Abstract P2002: Mst1 Suppresses Pressure Overload-induced Cardiac Hypertrophy But Reduces Cardiac Function Through PERK Phosphorylation

Abstract

Cardiac hypertrophy in response to hemodynamic overload is initially an adaptive mechanism to maintain normal cardiac function by reducing left ventricular (LV) wall stress. Conversely, insufficient hypertrophy could lead to elevated wall stress, causing increased cell death and cardiac dysfunction. The Hippo pathway plays an important role in determining organ size. Mammalian sterile 20-like kinase 1 (Mst1) is the key serine-threonine kinase in the Hippo pathway, controlling cell death, proliferation, and differentiation. Mice with cardiac-specific overexpression of Mst1 (Tg-Mst1) fail to develop compensatory hypertrophy despite LV dysfunction and dilation at baseline. To elucidate the mechanism through which Mst1 inhibits cardiac hypertrophy, pressure overload (PO) was imposed on WT and Tg-Mst1 mice by transverse aortic constriction (TAC). TAC-induced increases in LV weight/body weight were significantly suppressed in Tg-Mst1 mice (5.8 vs WT 5.1, p<0.05). LV ejection fraction (EF) after TAC was lower in Tg-Mst1 mice than in WT mice (40% vs WT 60%, p<0.01), consistent with the notion that Mst1 promotes PO-induced systolic dysfunction in part by inhibiting compensatory hypertrophy.
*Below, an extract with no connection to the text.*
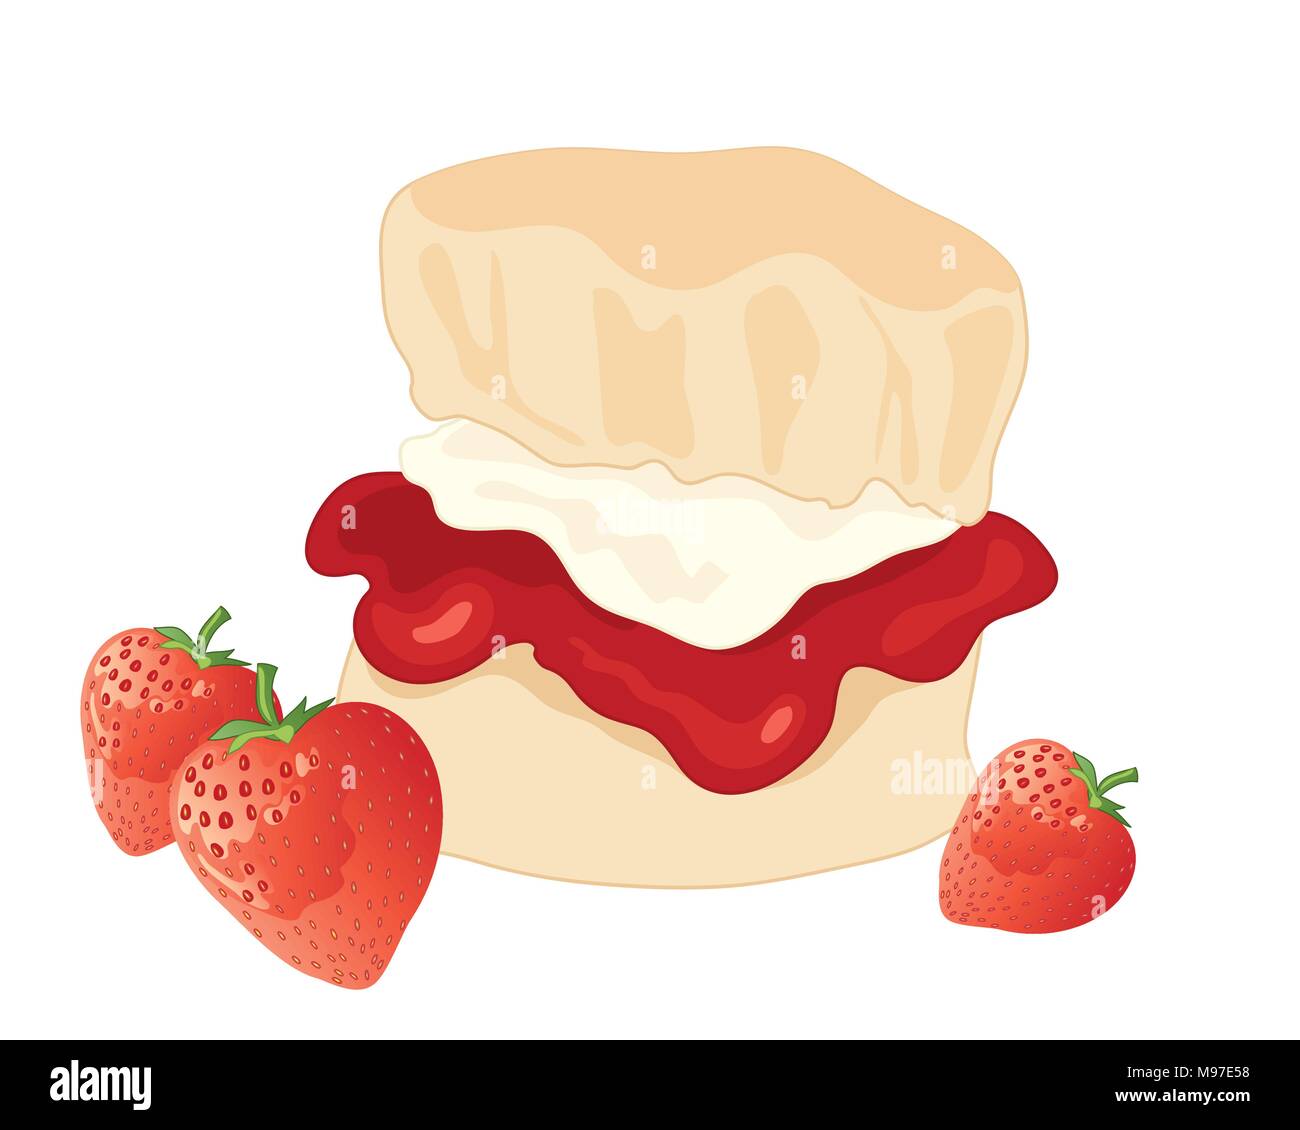 Une illustration d'une confiture délicieuse et crème avec scone de fraises fraîches sur fond blanc Illustration de Vecteur

Mst1 interacted with and induced phosphorylation of protein kinase RNA-like endoplasmic reticulum kinase (PERK). We generated knock-in mice expressing phosphorylation-resistant PERK (PERK-KI) and performed TAC on WT and PERK-KI mice. LVEF was preserved in PERK-KI mice compared to in WT mice (67% vs WT 46%, p<0.05) after 8 weeks of TAC. PO-induced increases in lung congestion were attenuated in PERK-KI mice compared to in WT mice (10 vs WT 11.5, p<0.05). Despite the improvement in cardiac function, cardiac hypertrophy was not attenuated in PERK-KI mice. These results suggest that phosphorylation of PERK by Mst1 is detrimental for the heart during PO, in part due to suppression of compensatory hypertrophy.